Srivastava suggested some ways employers can prevent joint employer liability.
Employers and their managers shouldn’t “exercise direct and immediate control over terms and conditions of employment of workers by franchisees, subcontractors or other business partners,” she said.
Further, employers and their attorneys should have procedures in place that provide franchisees, partners or subcontractors the “maximum amount of operational control.”
Srivastava also said that commercial agreements, leases, licenses and franchise agreements shouldn’t include language that may imply the employer “retains ability to exercise control over another’s business operations or employees.”
Employers’ attorneys can insert language in contracts specifying that franchisees “are solely responsible for all employment-related decisions” and can “include indemnification provisions.”

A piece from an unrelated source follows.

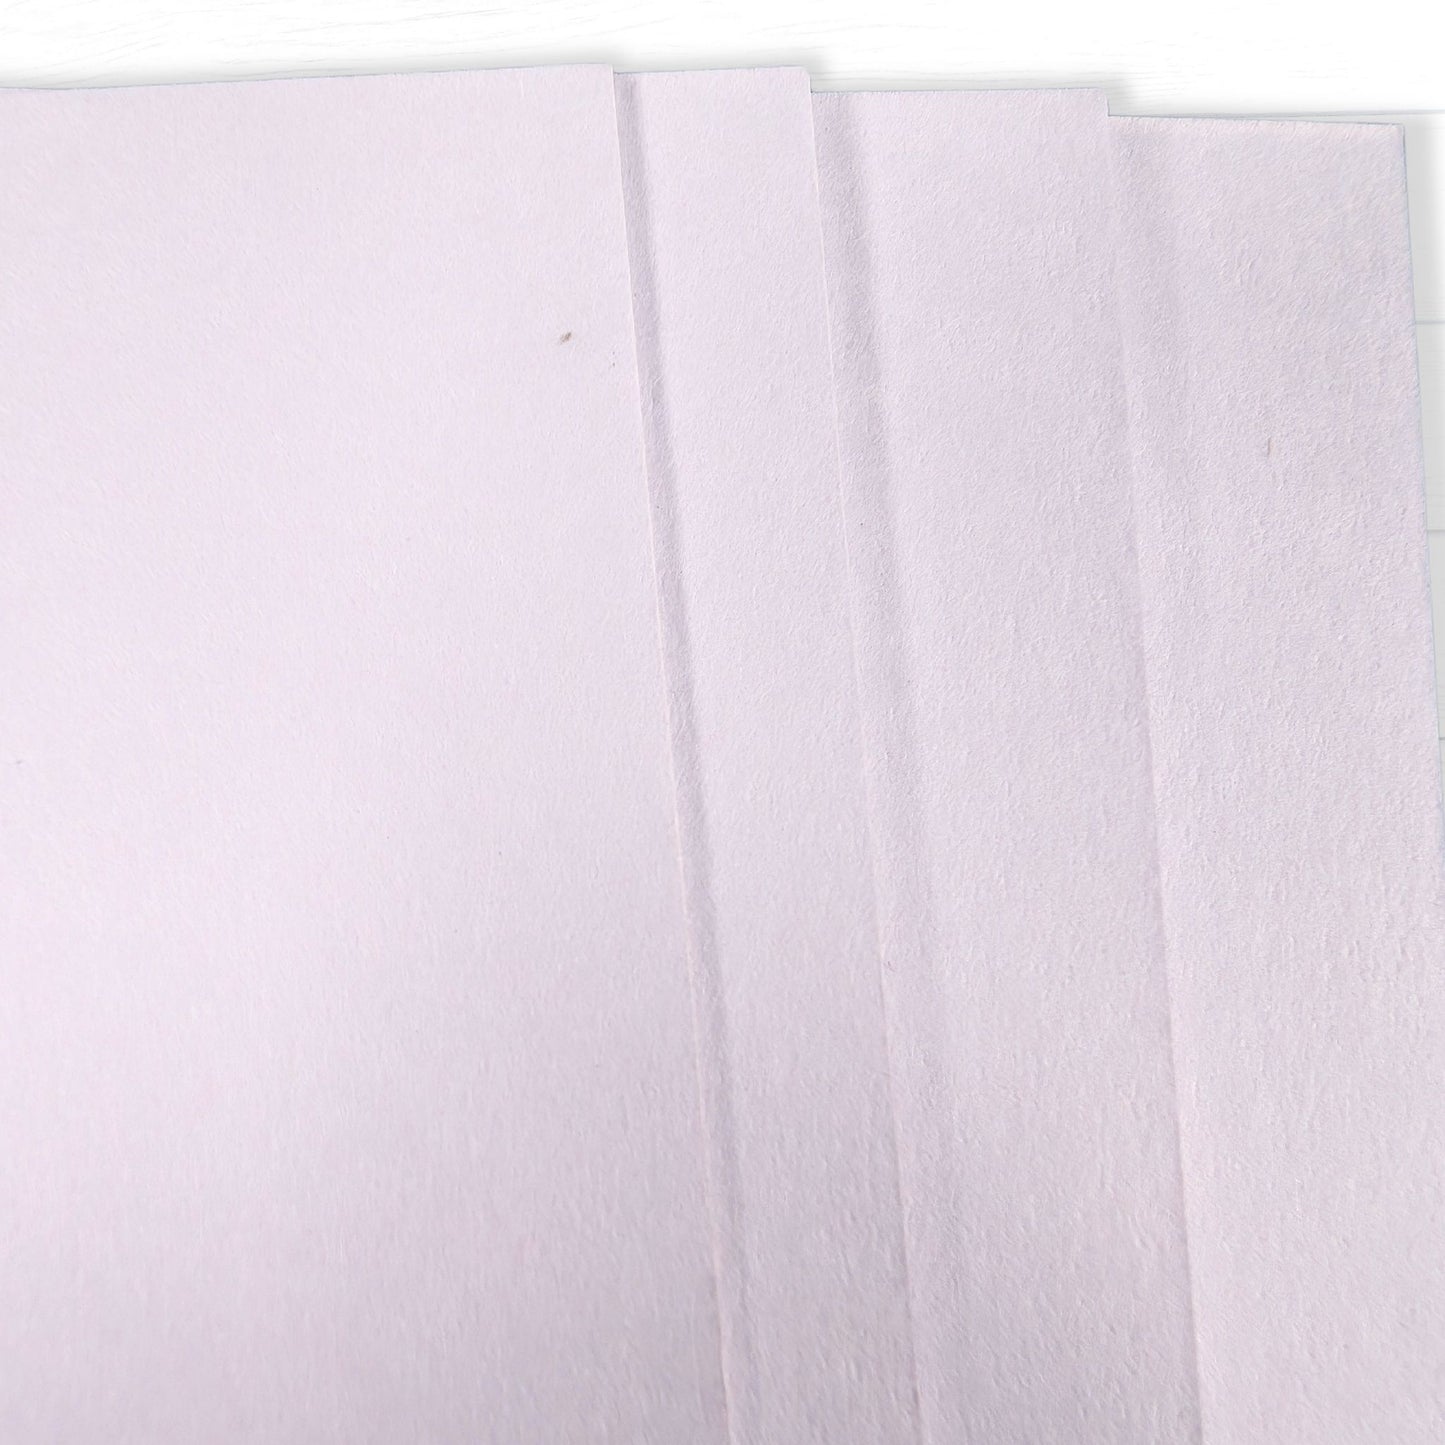 A4 Antique Card 165gsm Sheets for Drawing, Painting, Printing, Arts & Crafts.

Employers might consider weighing joint employer risks with outsourcing some tasks, if cost-effective, she said.
Equal pay laws across the nation are focusing on fair pay and pay transparency. Employers, who are subject to vast changes on the state and federal levels, have new requirements for the EEO-1 report due in March 2018.
The EEOC will collect W-2 wage and work-hour data broken down by race, sex, ethnicity and job category in the EEO-1 report. The commission will utilize this information in assessing whether employers have pay disparity patterns.
The new EEO-1 reporting requirements “will open up employers to a lot of scrutiny by the federal agencies,” Rashby said. As a result, she recommended the following:
Make compensation practices simpler. Employers and their attorneys should “proactively look at compensation setting strategies and practices, and make practices more objective and simple.”
Centralize pay decisions. Employers should “centralize compensation decisions.” Various managers shouldn’t be making compensation decisions differently. If employers don’t centralize decisions, it’s much harder to defend future equal pay allegations.
Train managers. Managers should understand pay equity and transparency requirements.
Make necessary changes to employee handbooks. Employers and their counsel should review employee handbooks and search for provisions that can restrict pay transparency.
Start preparing now for EEO-1 changes. Employers and counsel should start prepping now in anticipation of meeting the new W-2 and hours reporting requirements.
The DOL announced publication of a final rule updating overtime regulations earlier this year. The final rule primarily pertains to exemption status, as well as salary and compensation level updates for executive, administrative and professional workers.
Gibson recommended that employers and counsel review the status of employees affected by the new rule. Based on this review, they should determine who doesn’t meet salary requirements and either switch those employees to nonexempt status or increase their salaries.
Some workers may view a switch to nonexempt status as a demotion. Plans should be in place to effectively communicate changes to workers. Timing of communication to employees is important. With a little less than a month remaining until Dec. 1, Gibson said employers and counsel should “ensure that communication doesn’t come too late because then workers may be surprised."
Gibson also emphasized the importance of providing training and information to workers, where many don’t have previous experience with overtime, clocking in and out, keeping track of breaks or recordkeeping.
Although case law and legislation seeking to halt the implementation of the rule are pending, Gibson remarked that this isn’t a reason for employers and their attorneys “not to act.”
Participants were asked about current trends in employment law. Rashby said that she is seeing a rise in pay equity claims in California.
Others added that they have observed an increasing number of disability discrimination and Family and Medical Leave Act claims, as well as more utilization of internal processes for pay equity claims.